His eyes opened. He was ninety-four now, long a widower. The flexible organic videoscreen that wrapped around all four walls, even on the closed door, was filled with a summer beach on Lake Michigan, waves rolling ashore. His bedroom speakers spoke the soft susurrations of breaking waves and trees creaking with the wind. The aromatizer, steaming quietly next to his smart clock, filled the room and his age-muted senses with the pungency of a sea breeze and sun-ripening stranded minnows.
It was a very good dream. Although he was too frail to travel much, he woke every day of the week in a different vacation.
But he couldn’t linger. After a slow breakfast of bread,bananas, honey and apples, watching the Science Channel’s morning variety show, only clips customized to his interests, he would resume his post-retirement career as a beat policeman.
Two hours later, reclining in his study, he was in hot pursuit of a purse-snatcher. His police telesome was a four-armed pyramid-shaped box with roller treads and stubby legs, now folded up, for climbing stairs. When Hugh’s avatar neared the thief, Hugh pulled the trigger on his joystick. A cylinder, trailing a thin line, flew into his field-of-view, bounced just beyond the perp, and exploded into a net. The perp had only an instant to shout before the reticulation engulfed him.
Hugh tapped a few keys, using his official police passwords, to interrogate all the surveillance cameras on the street. Within a few seconds, he was watching a view of the purse snatching on his left panel and a different view from the ice-cream shop on his right.
He grinned at the bruised adolescent, irretrievably tied up in netting.
“You probably thought you were in the clear because I had just rolled around the corner. But my friends are always on duty.”
The small video panel on Hugh’s telesome usually displayed a police shield with his badge number, but now it replayed the mugging.
Hugh hid his laughter from the crestfallen perp. No doubt he’d plead, and be sentenced before dinnertime.
An electric paddywagon, managed by a human policewoman named Shakira Sands, pulled up a couple of minutes later. While her two burly telesomes stuffed the net-wrapped perp in the back, Shakira chatted with Hugh.
“The smart ones time our rounds. This kid must be dumber’n paint.”
Hugh chuckled. “I use my tablet to randomize my schedule. Even I don’t know where and when I’ll be.” With one exception, he noted mentally.
When the telesomes, both big, rectangular metal boxes with the usual two arms and legs, had reattached to the sides of the paddywagon, Shakira bent down to make sure she was in view of his front camera and waved.

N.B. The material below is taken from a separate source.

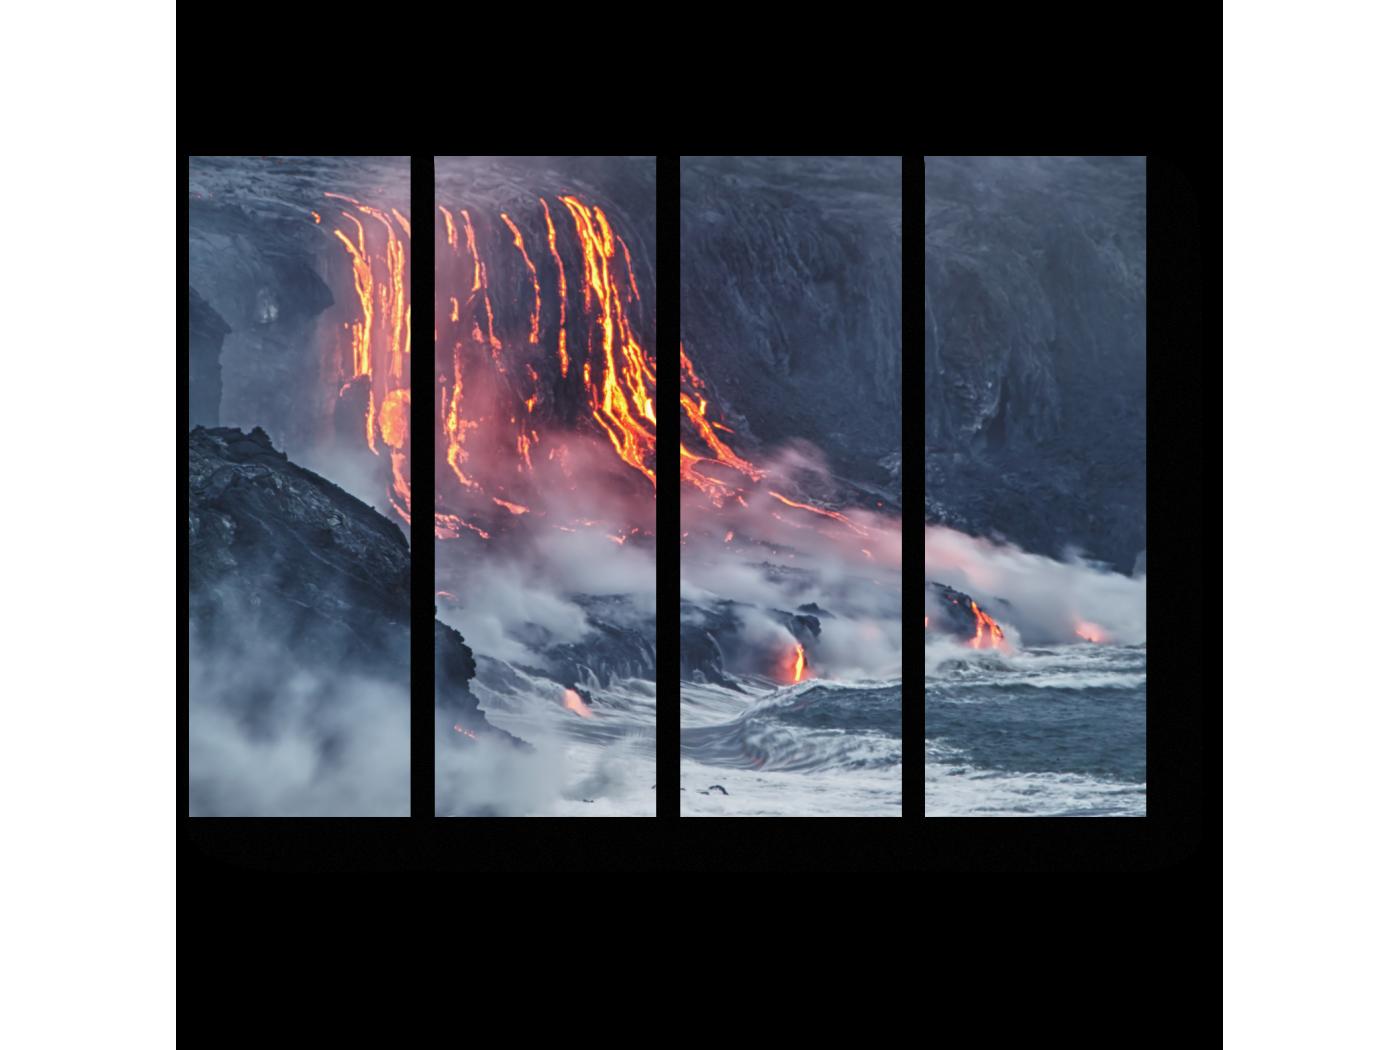 Модульная картина Гавайский вулкан (60x45) фото
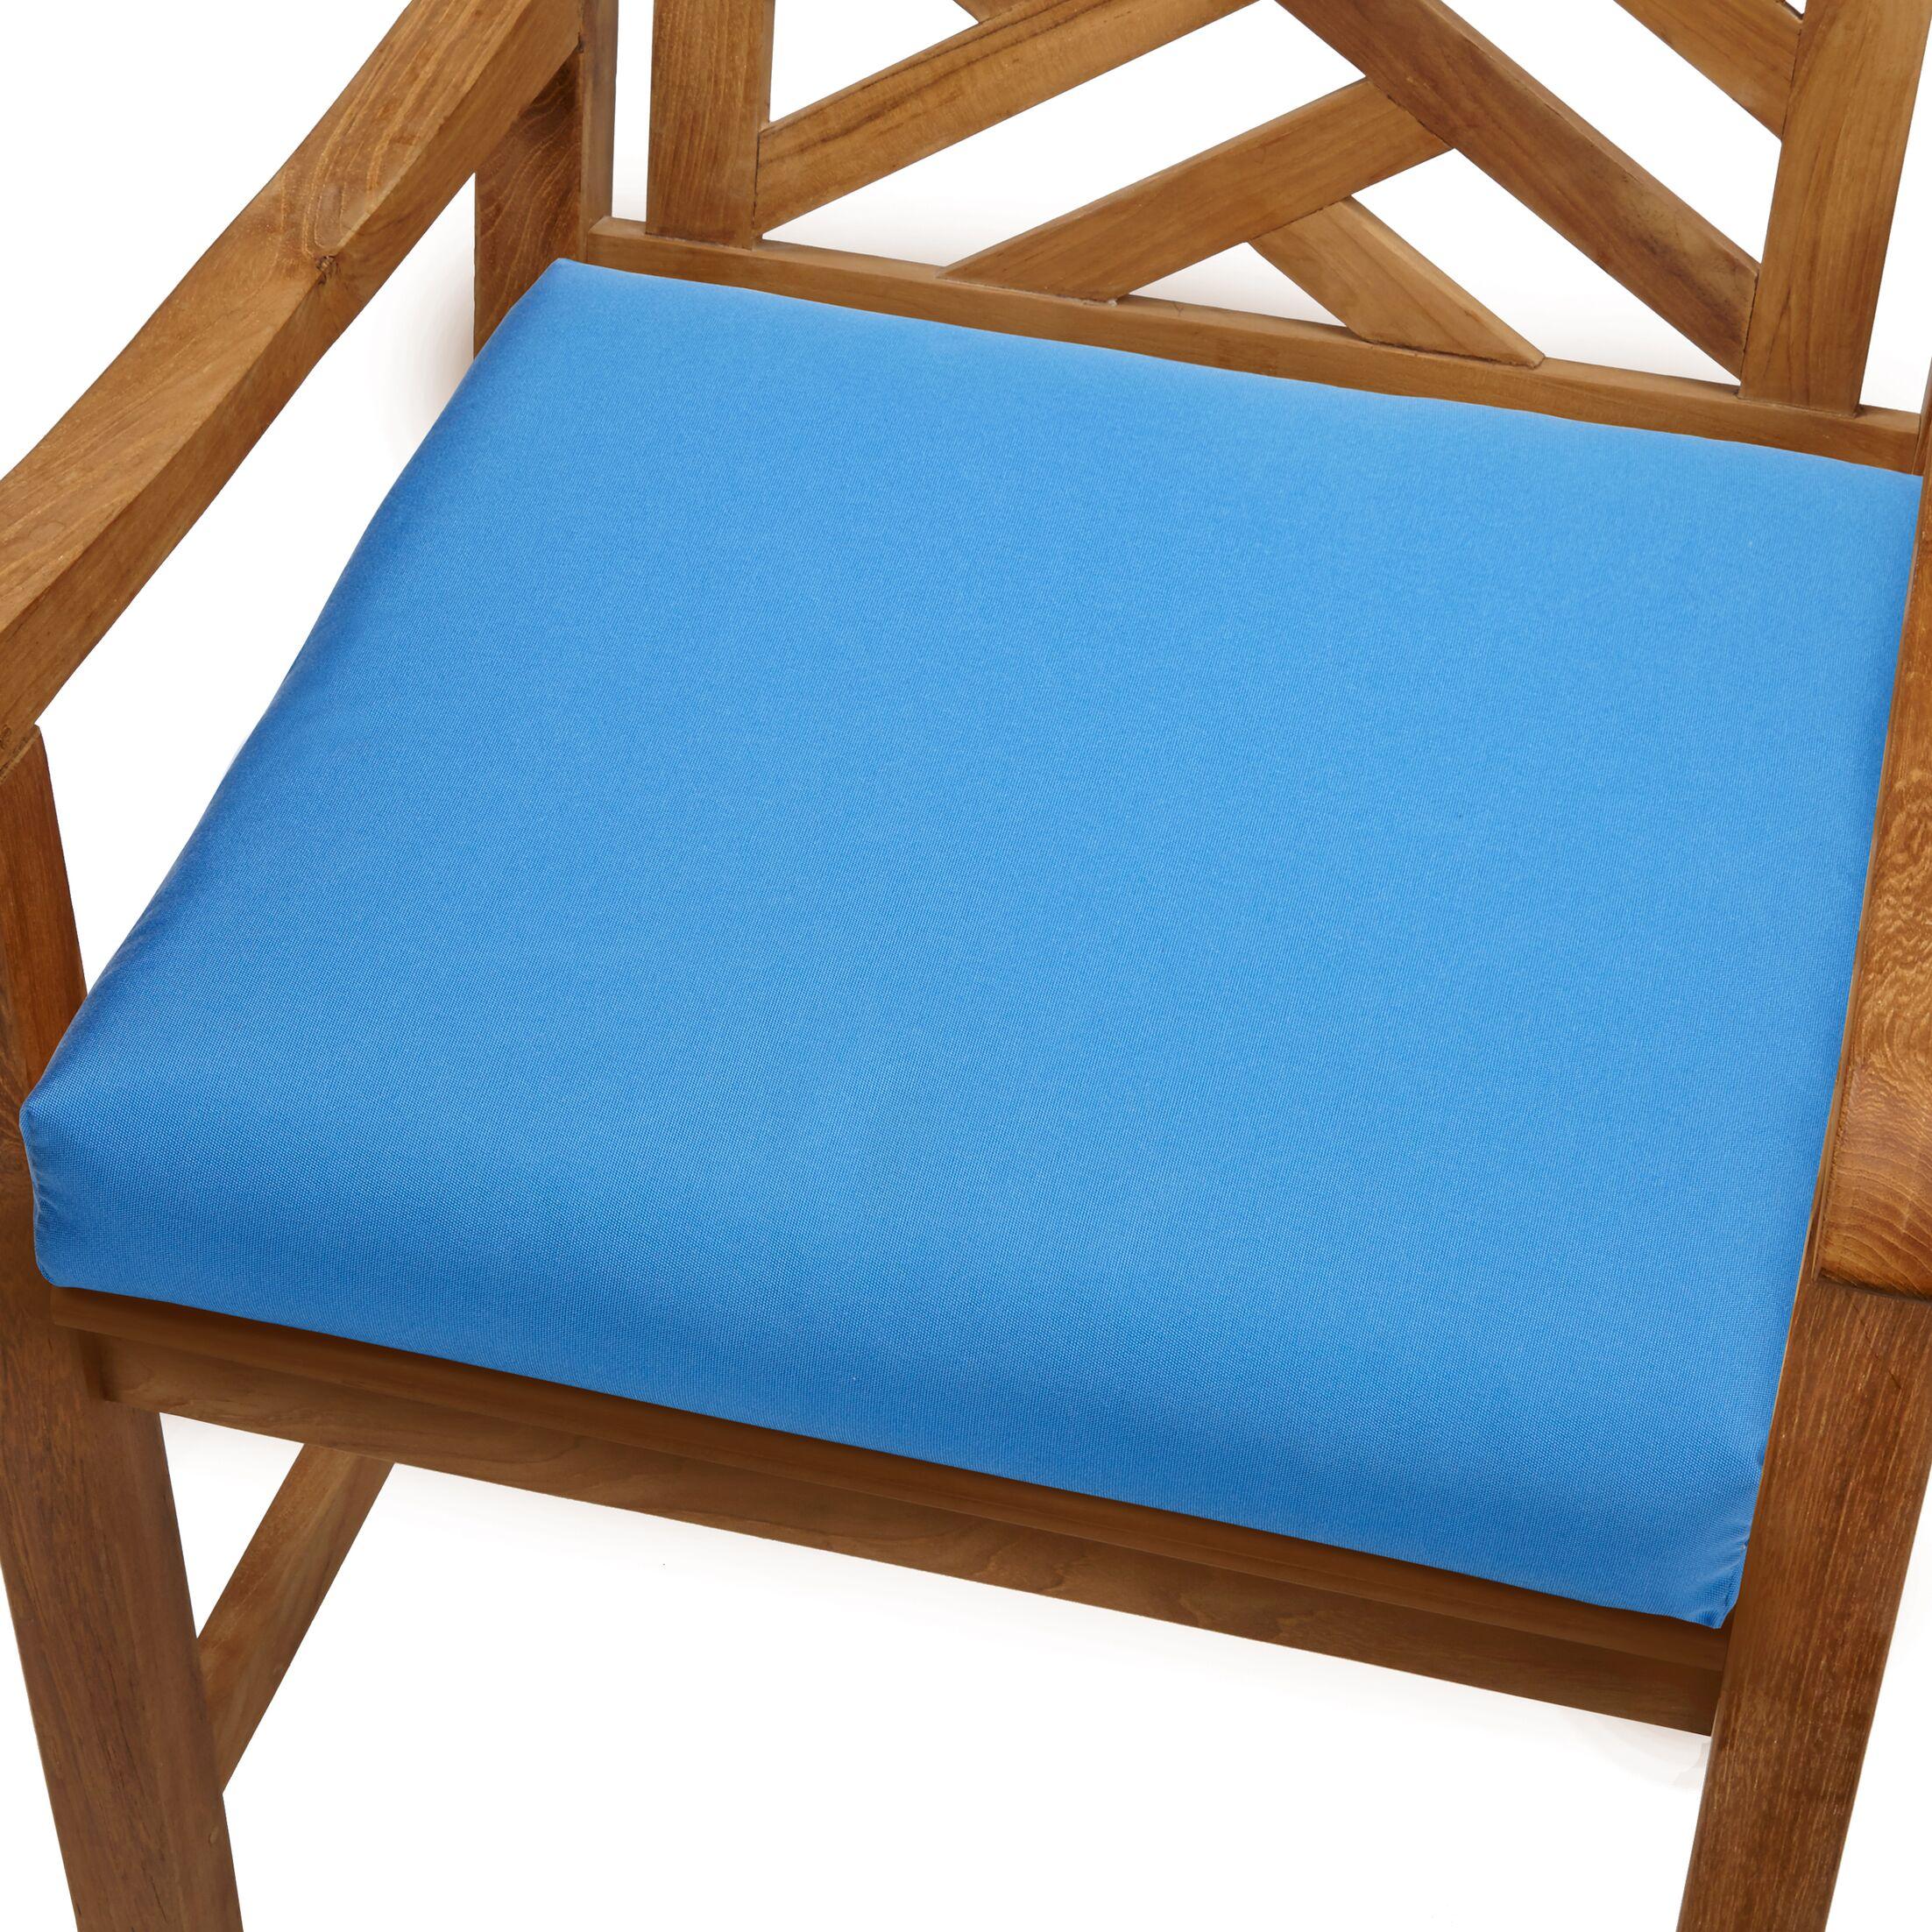 Mcclain Indoor/Outdoor Sunbrella Dining Chair Cushion Fabric: Capri Blue, Size: 19

Hugh then rolled through the streets as he did for four hours each weekday, indifferent to rain, snow and very bad intentions.
A rocket-propelled grenade had blown up his telesome once. It was surprising how much that hurt. “It’s only a small electric vehicle with a bunch of cameras”, his son Ian had said, not understanding. But it was also an avatar, an extension of self. It was like losing a finger or a best friend.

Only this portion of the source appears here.